Captain Throttle and her crew must get their colony ship to its new home in another star system despite the challenges posed by other opportunistic people.


  • Story has an interesting background for state of humanity
  • Has some good action elements and tension throughout entire story, including the end
  • Writing is engaging with a protagonist who has a physical disability, a rarity in science fiction story
  • Interesting mystery behind Javelin, the namesake of the series
  • Has a focus on space pirates


  • Conflict among human colonies can feel tiresome for those who want a science fiction story that goes beyond human politics
  • Plot doesn’t really stand out for science fiction story

Black Sheep Review

Black Sheep by Rachel Aukes is a fun, action-packed science fiction story with a handicapped protagonist fighting opportunistic humans (vultures), spaceships with more firepower, spies, and even space pirates. While the protagonist Throttle has a physical handicap, that doesn’t appear to stop her in space, an environment that makes her handicap more of a strength than a weakness.

It’s not every day that heroes in stories have a handicap. Too often, these disabilities, or weaknesses in the case of superheroes, are more external–Superman’s kryptonite, for instance–rather than something internal. Perhaps only a few superheroes, like Daredevil, have an actual handicap, though that weakness is offset by superpowers.

Throttle doesn’t have the convenience, but her disability actually gives her an advantage in space. Whereas other people rely on their legs, Throttle’s condition means that she’s able to maneuver better in the zero gravity of space. Perhaps the irony isn’t lost on the people she manages to defeat.

The story itself moves along at a fairly fast pace with one action-packed scenario after another. There’s not much time to get to know the supporting characters except for the former pirate Birk, but what readers do get is the sense of loyalty they have to their captain. The writing itself is relatively simple, lending to the faster flow of the story and the flow of the action scenes.

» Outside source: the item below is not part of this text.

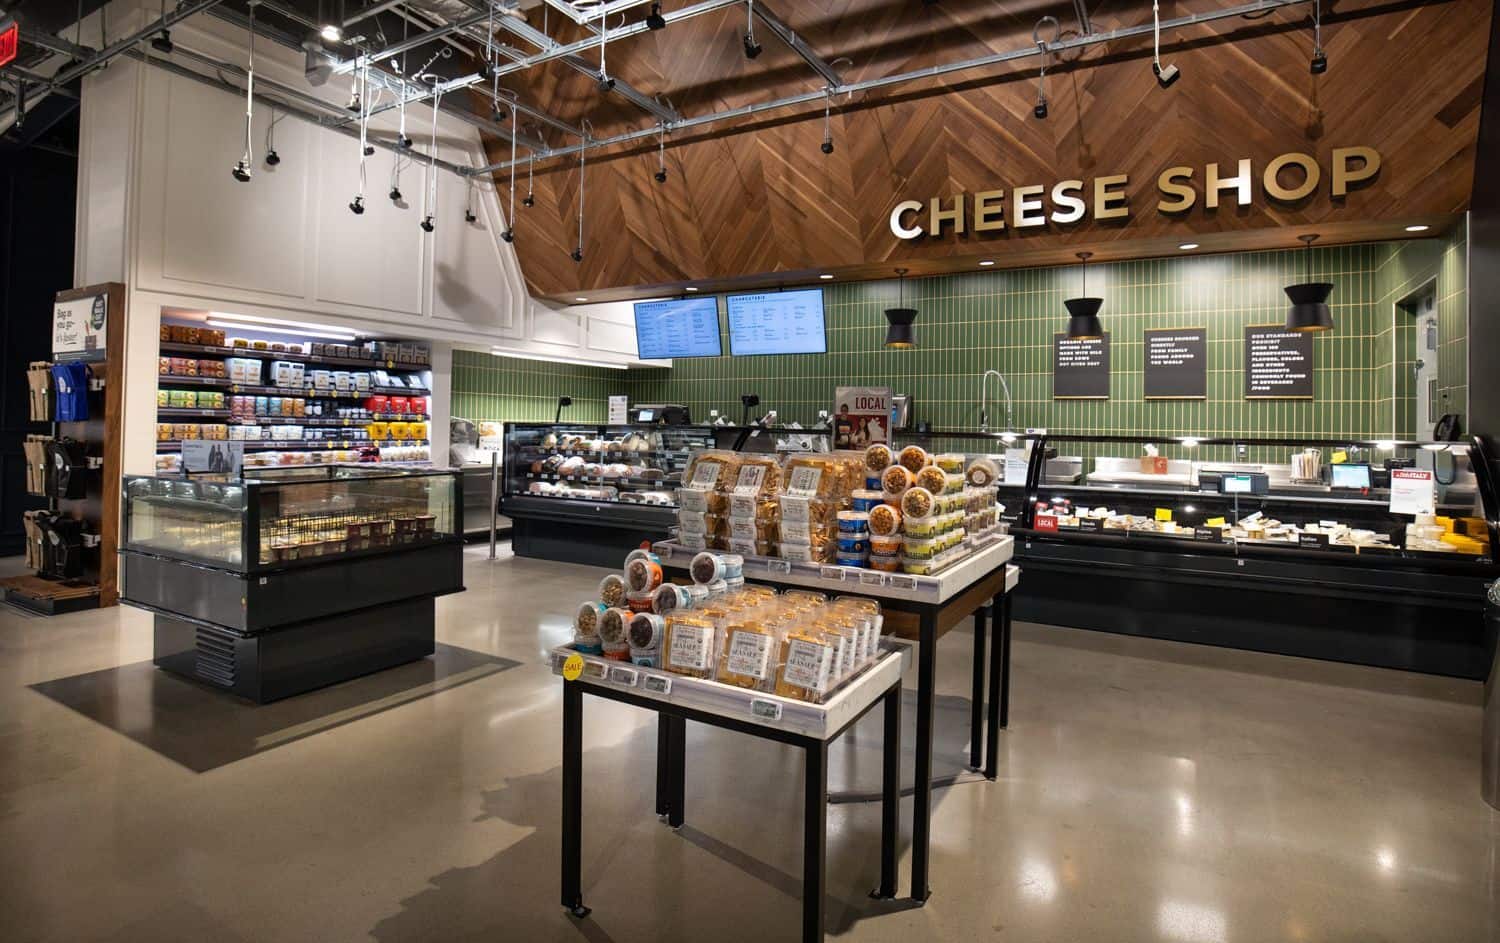 Whole Foods Market launches Just Walk Out shopping in two stores

The universe readers are introduced to in Black Sheep is itself very interesting. Bits of context dispersed throughout the book leave readers wondering about the fate of Sol and Earth, not to mention the Gabriela’s home system, Trappist. Birk’s background provides some clue about the lawlessness and the sense of violence and war that ravaged the colonists of the system.

The prevalence of space pirates in the Trappist system, a crew member who is a former space pirate, and the space pirates running amok all point to a universe that is dangerous. Not too many science fiction stories feature space pirates in such a prominent manner even though the vastness of space makes piracy all that much more lucrative and undetectable.

But the biggest mystery, and my favorite aspect of the story, is the Javelin itself. What, exactly, is it, and where did it come from? Little is revealed about the ship Javelin or its artificial intelligence. What information provided, as well as the brief switch in perspective to the ship’s AI, is contradictory. The result of such a dearth of information leaves readers only wanting to know more.

Black Sheep by Rachel Aukes is a fun science fiction story with almost non-stop action once the story truly begins. And that action goes straight toward the end, promising readers sequels that are just as fun and suspenseful.